Randall, a self-described recovering New Yorker who has lived in Washington for eight years, says everyone from his cab driver to his customers agrees that "this lurid, detailed report is public meat."

"I don't want to know that much about anybody I'm not in bed with," he says. "It's too much. The investigation went on long enough, and now this."

He's been serving drinks for six hours, he says. Earlier in the evening, when there was "more coherent" conversation at the bar, chatter about the Starr report abounded, he says.

"It's the hot topic forever," he says. "It's like talking about the weather in this town."

Judith Forman

'Give the man a chance'

It's an evening about promoting neighborhood rejuvenation. But as community activists at a Baltimore fund-raiser sift through their thoughts about the Starr report, it's as if they're describing the achy queasiness that precedes the flu: They are apprehensive of how bad it might get, and desperately hoping it would all go away.

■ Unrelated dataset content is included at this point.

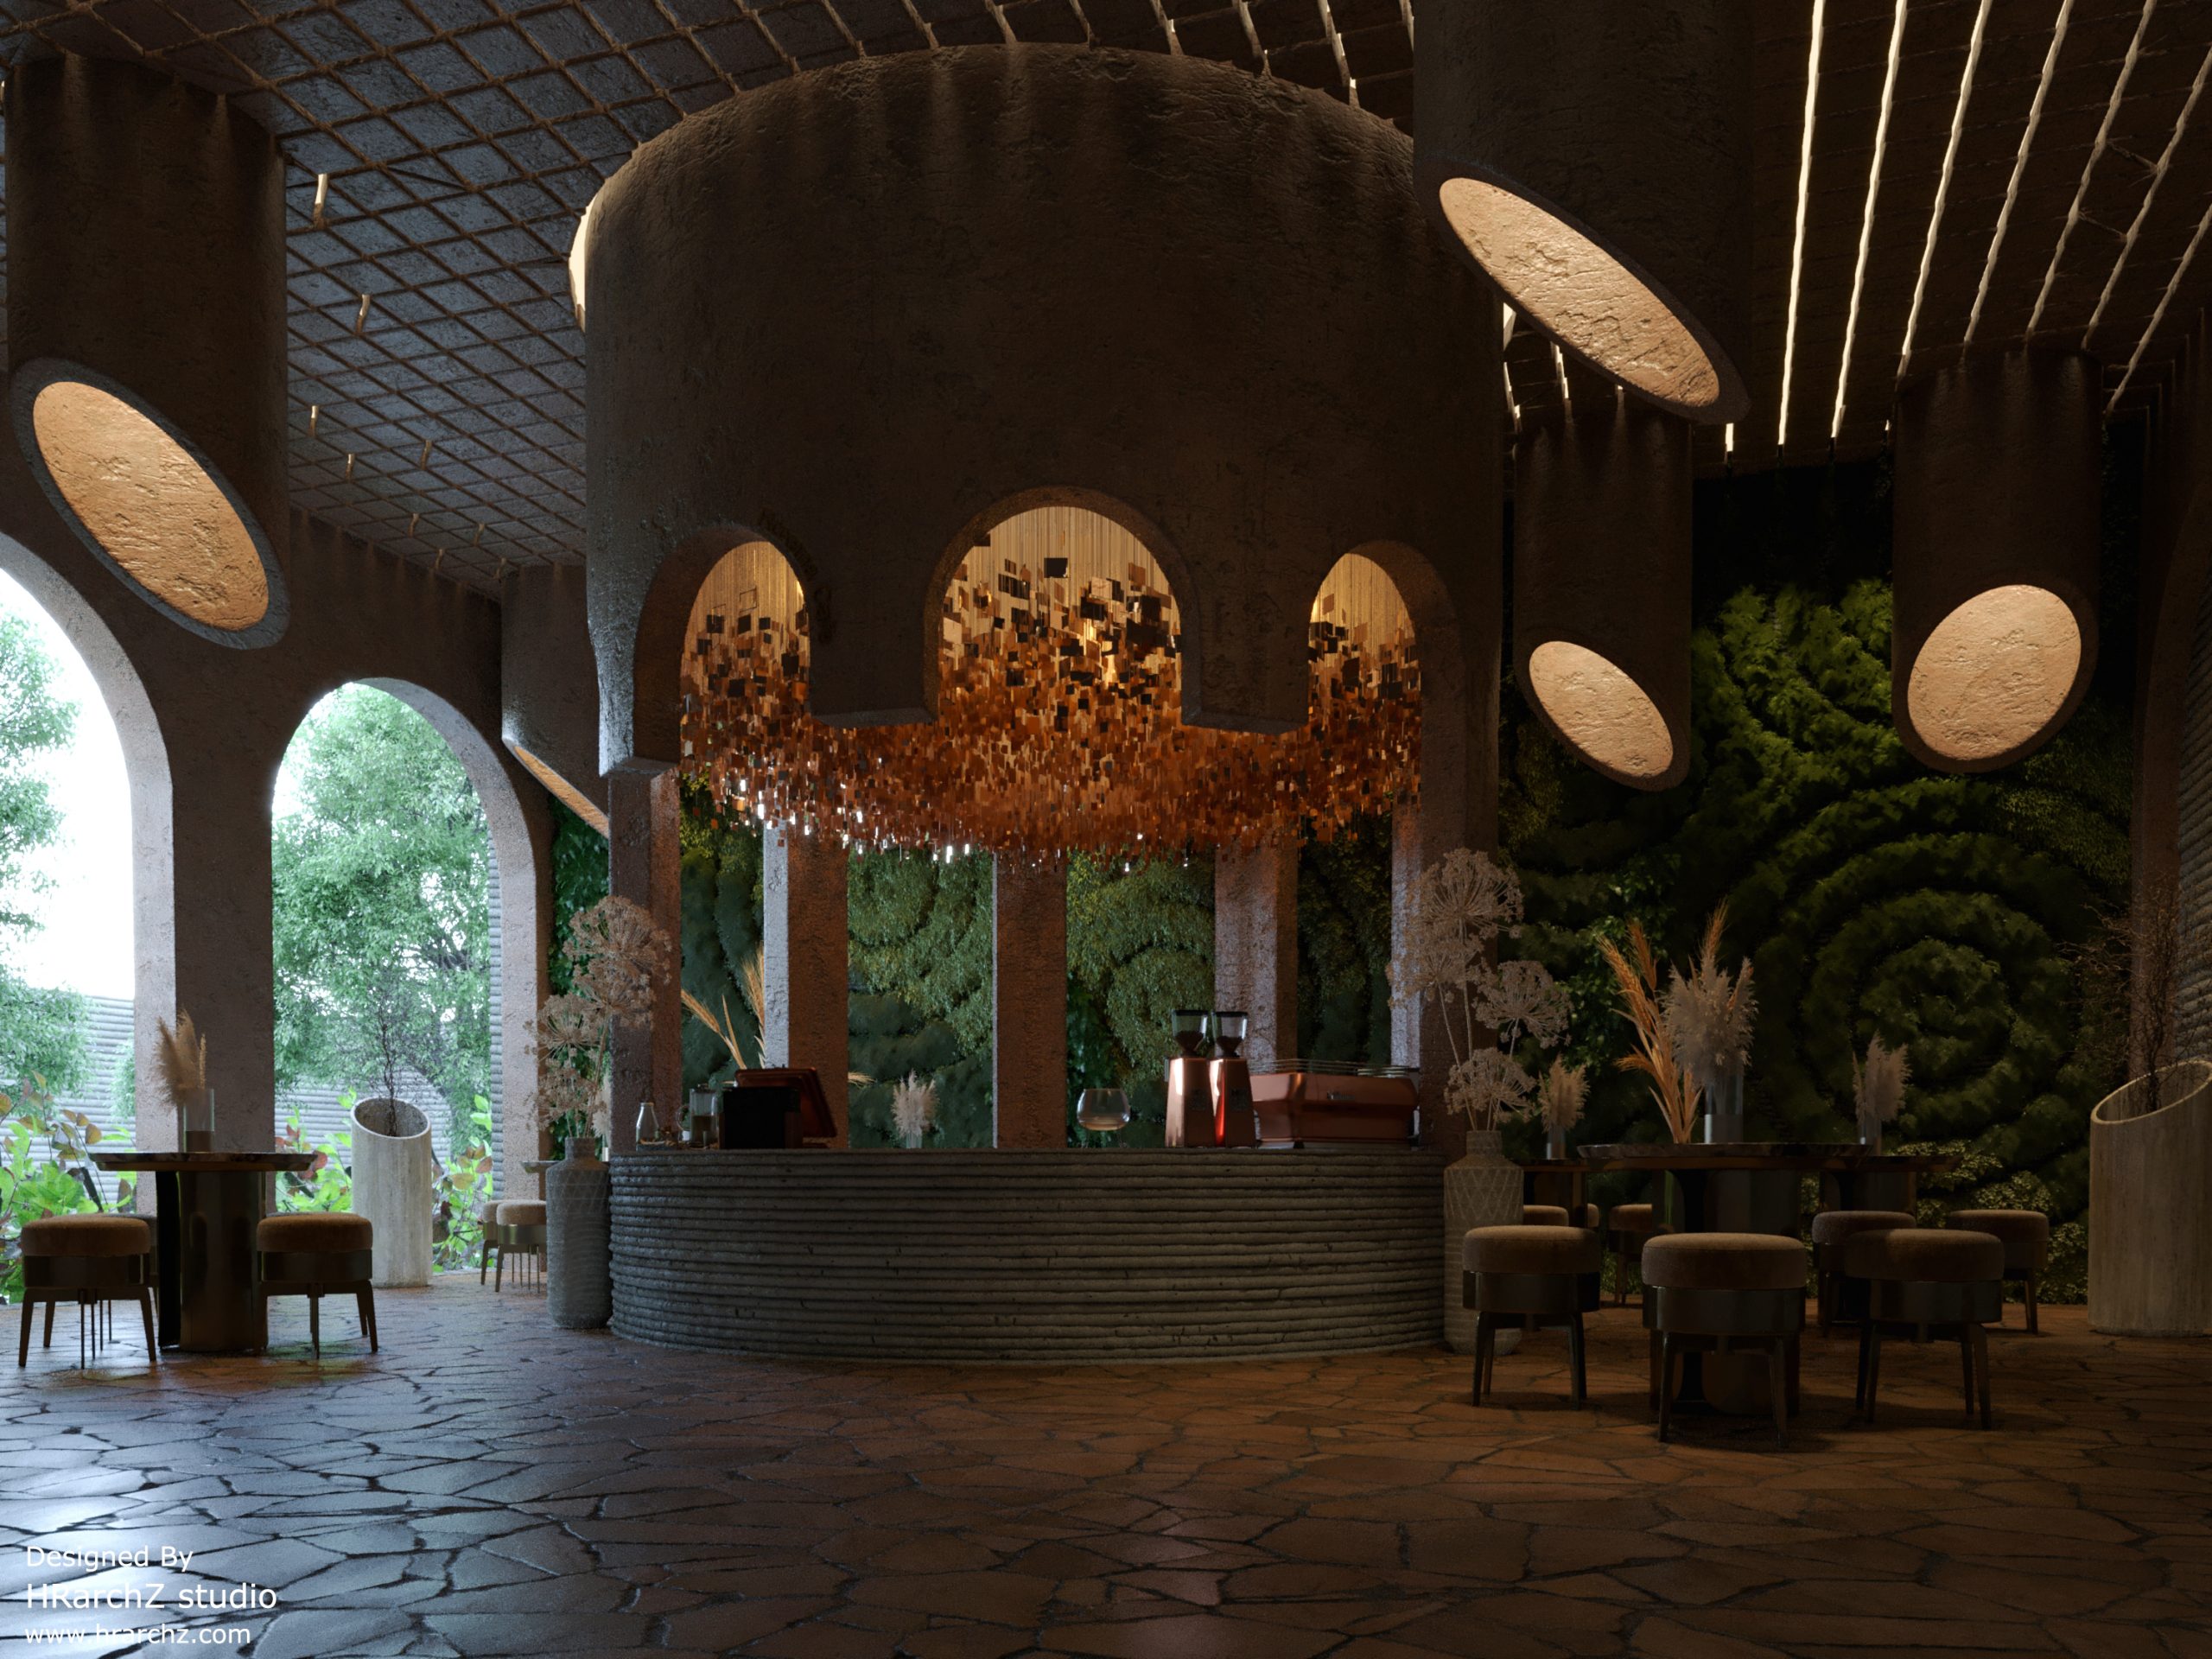 REXANA CAFE DESIGN - INTERIOR DESIGN - CASTLE MOOD - HISTORICAL BUILDING - LIGHTING

"Right now, I'm hurting for this country. I've felt physically sick about all this," says educator JoAnn Cason, interim director of the New Schools Initiative for the city school system.

"I think President Clinton is doing the job we elected him to do. He made a big mistake, there was a lot of arrogance on his part. But he's human. And we, as a country, do not have time for all of this foolishness.

"I don't condone what he did, but resign? No. Impeach him? No! And I really hurt for the president's family that we would all be reading that salacious material."